By Anthony Danial and Tamara Milicevic
Canada is in the midst of a national opioid crisis. It is a public health emergency that crosses cultural, socioeconomic, age and gender barriers. Management of this has been multi-pronged from federal and provincial actions, to regulatory bodies, hospitals, and community-driven initiatives. In 2018, Holland Bloorview Kids Rehabilitation Hospital decided to take action to provide client and family-friendly information that explained some of the potential realities of these medications to align with Canada’s national initiative. The hospital’s “Opioid medication safety guide” has been instrumental in supporting clinicians with Health Canada’s regulatory changes around dispensing these medications.
Health Canada required practice change
In an effort to provide greater caution regarding opioid use, Canada’s Food and Drug Regulations were amended in October 2018. This meant that a warning sticker and patient information handout had to be provided to patients at the time of sale in community pharmacies, with all prescription opioids. However, opioids provided during hospitalizations, under the supervision of a prescriber, are exempt from this requirement. Rehabilitation hospitals fall somewhere in between. Patients are admitted to the hospital, but often are encouraged to go home on weekend passes. When they do, the inpatient pharmacy provides all of the required medications for their time at home, including opioids.
As part of a multimodal approach to pain management, opioids are used in conjunction with non-medication strategies such as physiotherapy and psychological strategies supported by child-life and therapeutic recreation specialists. An example of this approach can be seen through Holland Bloorview’s Get Up and Go program, in partnership with The Hospital for Sick Children, for persistent pediatric pain.
For the inpatient population, opioids are most commonly used post operatively after orthopedic surgery to help with pain management during the rehabilitation process. When stable and safe to go home for weekend passes, clients at Holland Bloorview are provided with their regular medications, including pain management medications if needed.
Connecting the system through collaboration
Holland Bloorview was purposely mindful about how to incorporate the warning sticker and Health Canada patient information handout into its practice.
“Our aim was to balance safe and effective opioid use with the new regulations,” said Nathan Ho, director of pharmacy services at Holland Bloorview. “We knew that for our specialized pediatric population, the sticker and handout had to be accompanied by education and a very tailored message.”
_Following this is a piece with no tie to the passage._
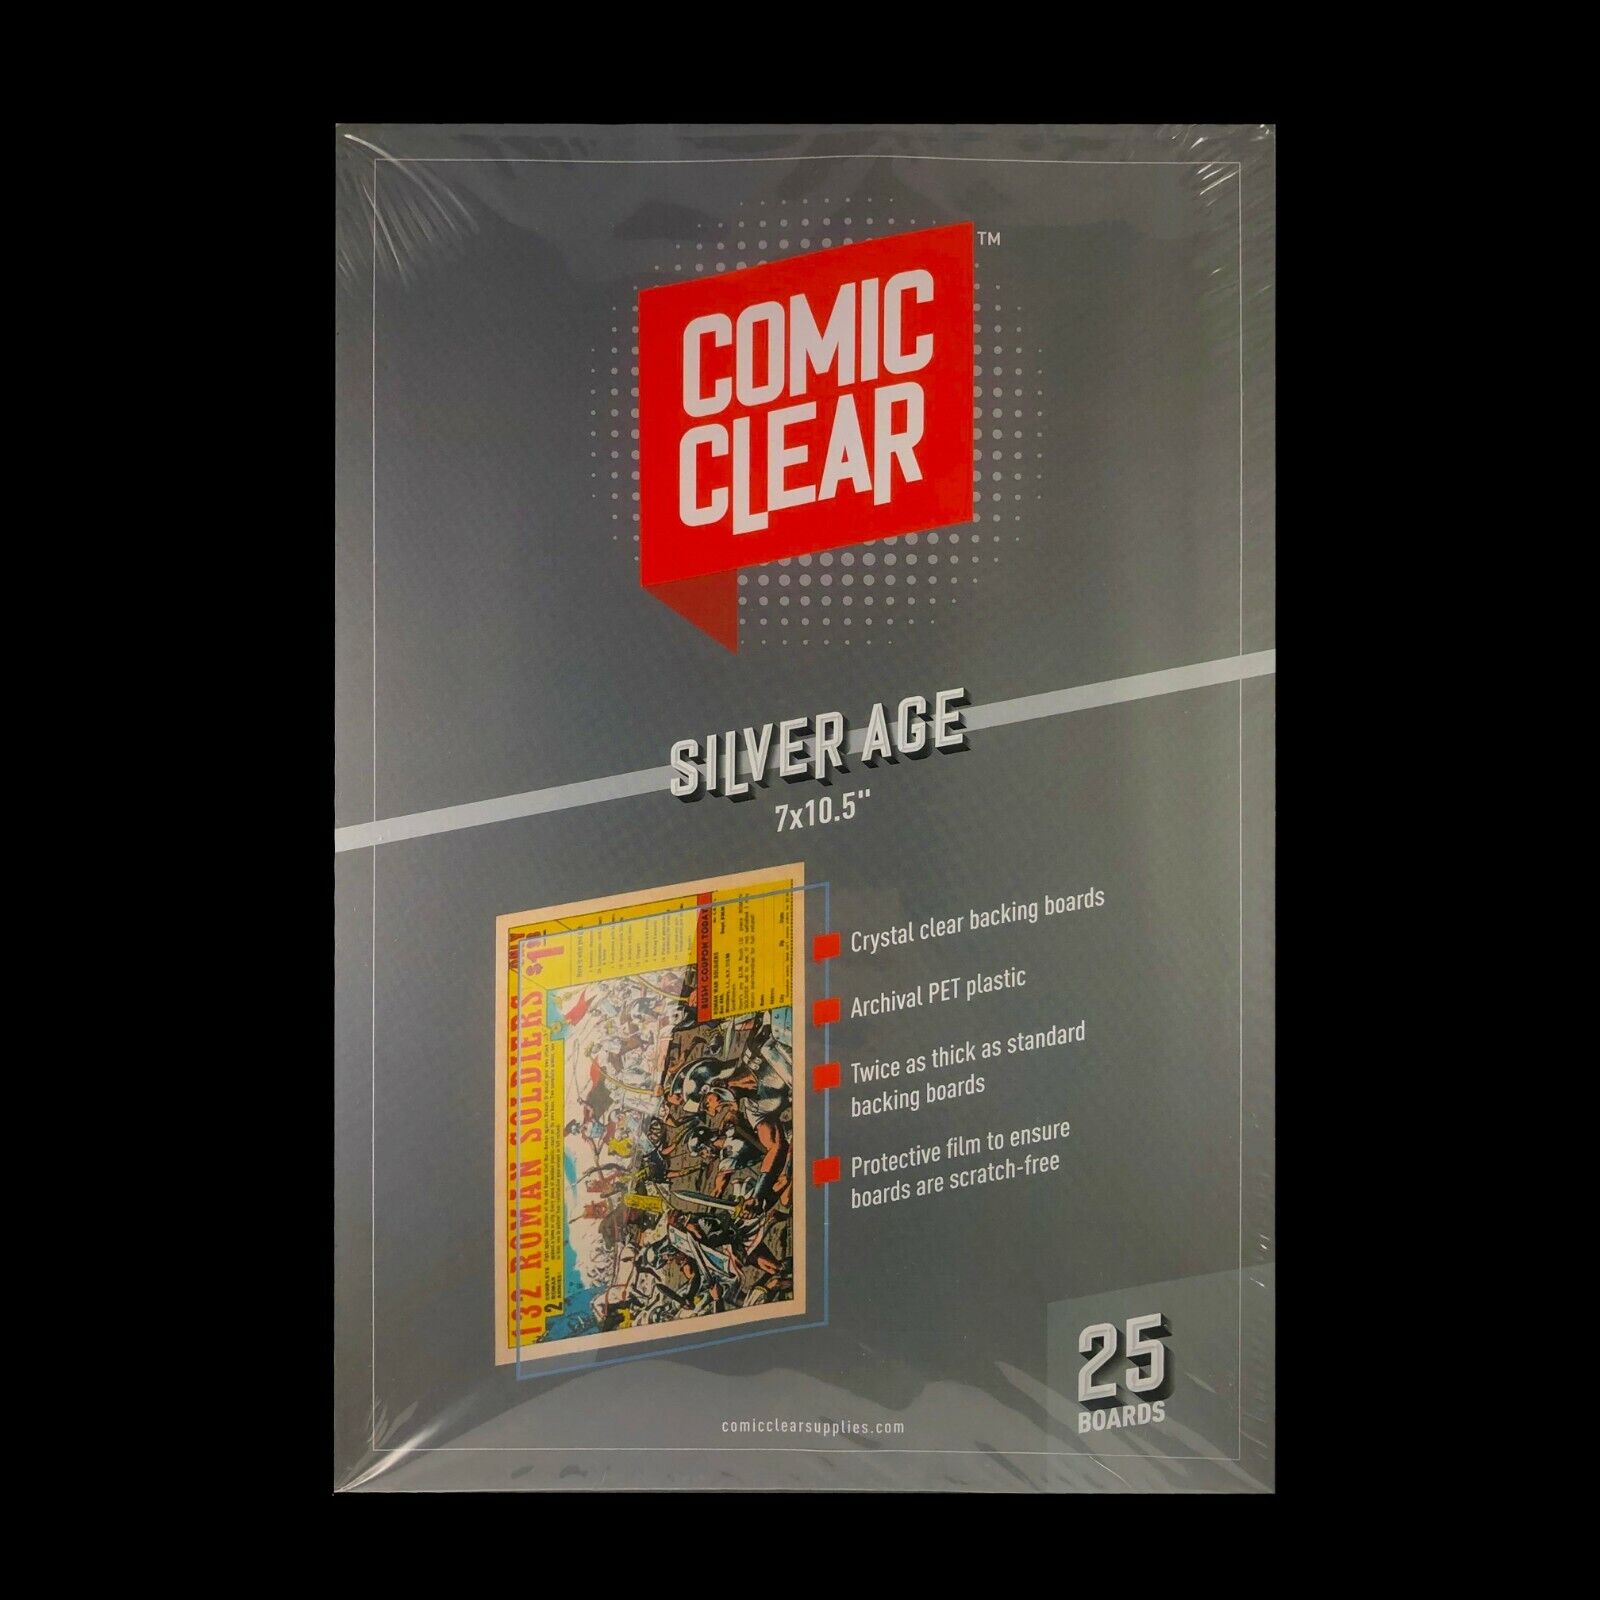 25-pack of Crystal-Clear Comic Clear Backing Boards - Silver Age Size

By forming an interdisciplinary working group of pharmacists, prescribers, nurses, clinical managers and collaborative practice leads, the hospital created a client and family-friendly opioid medication safety guide. The colourful, one-page tip sheet helps contextualize the Health Canada messaging for its pediatric clients and sends the message that opioids can be used safely to help manage pain when monitored by health care providers, stored safely and taken as prescribed. This is especially important for post-operative clients whose opioids have been titrated and stabilized before the start of weekend passes.
The safety guide, written in client-friendly language and reviewed by Holland Bloorview’s health literacy team, also highlights some common side effects and who best to speak to at the hospital regarding questions or concerns. The Health Canada mandatory information handout still accompanies each of the Holland Bloorview-created safety guides.
Medication management requires having important conversations
The opioid medication safety guide is now incorporated into a standard process at Holland Bloorview where the client’s nurse reviews the safety guide and Health Canada handout, along with all of the medications that are being sent for the weekend.
Also, as part of regular patient follow up and care, the pharmacists on the inpatient units use the opioid medication safety guide to provide education to families. And on the orthopedic post-operative rehab unit, opioids are regularly discussed with families on admission, reassessed and doses adjusted and weaned prior to discharge.
“The opioid safety guide has proved to be a useful communication tool, a conversation starting point and a resource for patients and families,” said Sarah Rumbolt, clinical resource leader at Holland Bloorview. “It helps families understand how opioids can be taken safely to support their child’s rehabilitation.”
Anthony Danial is a collaborative practice leader and Tamara Milicevic is a clinical pharmacy coordinator at Holland Bloorview Kids Rehabilitation Hospital.